(Editor’s note: This is excerpted from Mike Sando’s Pick Six of Feb. 2, 2025.)
2. Do the Bills need to be as aggressive as the Eagles in the coming offseason?
Four of the Buffalo Bills’ past five seasons ended with playoff defeats to the Chiefs, including twice in the championship round. That led a reporter to ask GM Brandon Beane whether the team needed to do something extra to finally reach a Super Bowl. Beane did not rule out making an expensive addition, but he left a strong impression Buffalo would stay the course.
“You’re never one player away,” Beane said. “That is a dangerous mindset to get into.”
Is staying the course enough with the Chiefs in the way?
The Bills resemble the 1970s Oakland Raiders.
Chuck Noll’s Pittsburgh Steelers and Don Shula’s Miami Dolphins made the AFC treacherous back then. Those Raiders teams, led by future Hall of Famers in owner Al Davis, coach John Madden and quarterback Kenny Stabler, lost three times to Pittsburgh and once to Miami in the playoffs from 1972 to ’75. That included three consecutive defeats in the AFC Championship Game.
That Raiders team finally broke through in 1976, beating an injury-diminished Steelers team in the AFC title game before routing Minnesota in the Super Bowl.
The Raiders didn’t do it by standing pat.
Davis, then in his resourceful prime, signed 6-foot-8, 272-pound defensive end John Matuszak during the 1976 season.
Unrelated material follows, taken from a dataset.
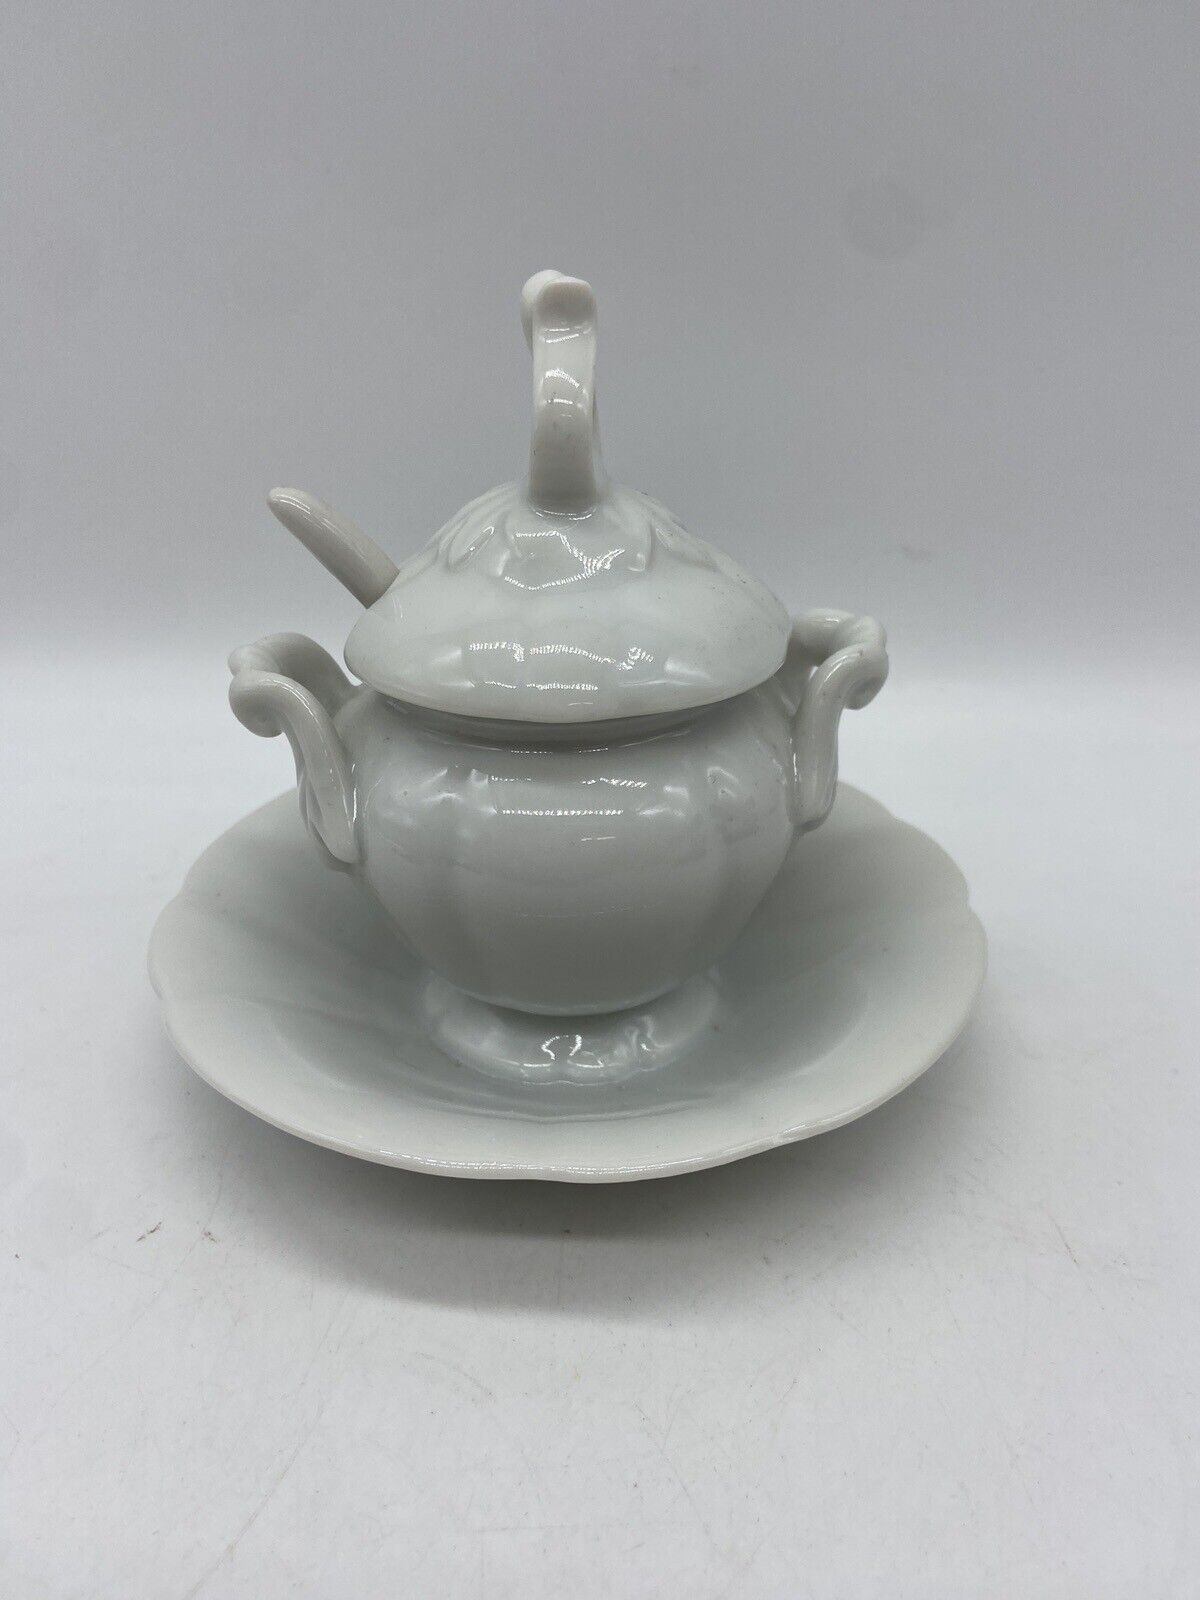 Vintage White Renaldy’s Japan Sugar Bowl W/Lid & Spoon -Attached Underplate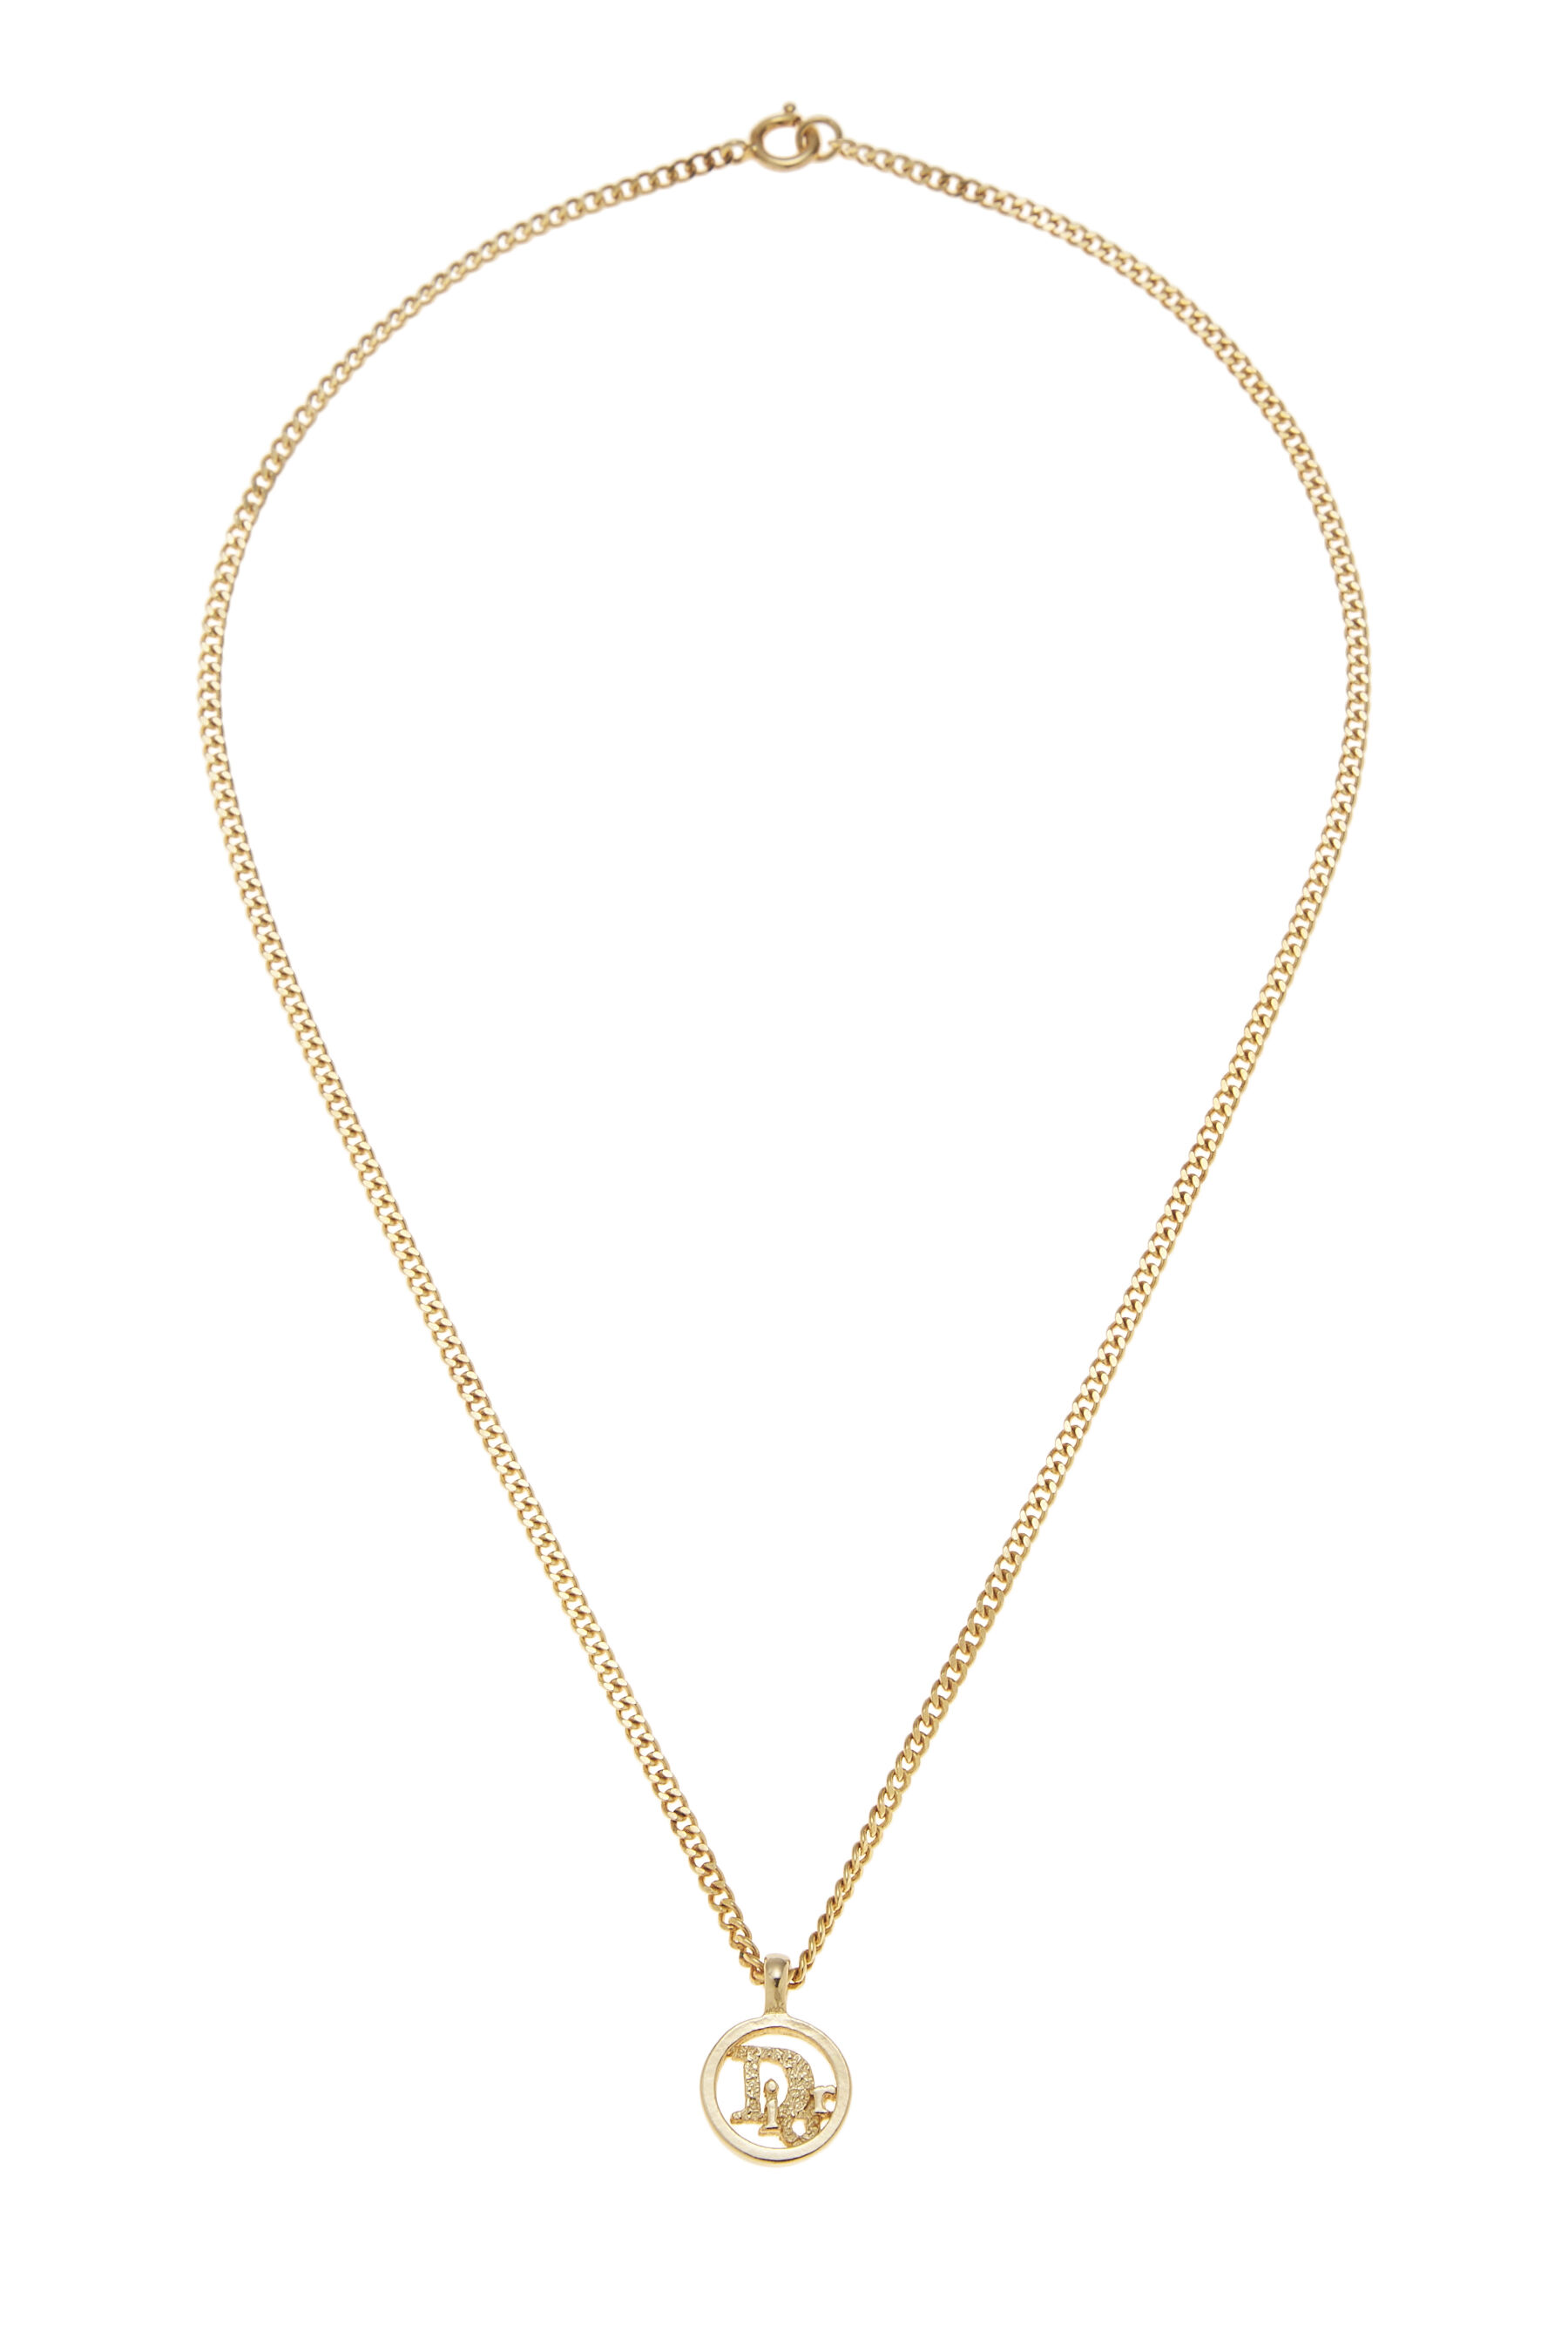 Gold Dior Charm Necklace

Matuszak, the first pick in the 1973 draft, had clashed with coaches, bouncing from the Houston Oilers to the Chiefs and Washington before finally getting cut. He blossomed in Oakland under Madden, an expert in getting the most from other teams’ outcasts. The Raiders won two Super Bowls with Matuszak, going 8-1 in the playoffs with him.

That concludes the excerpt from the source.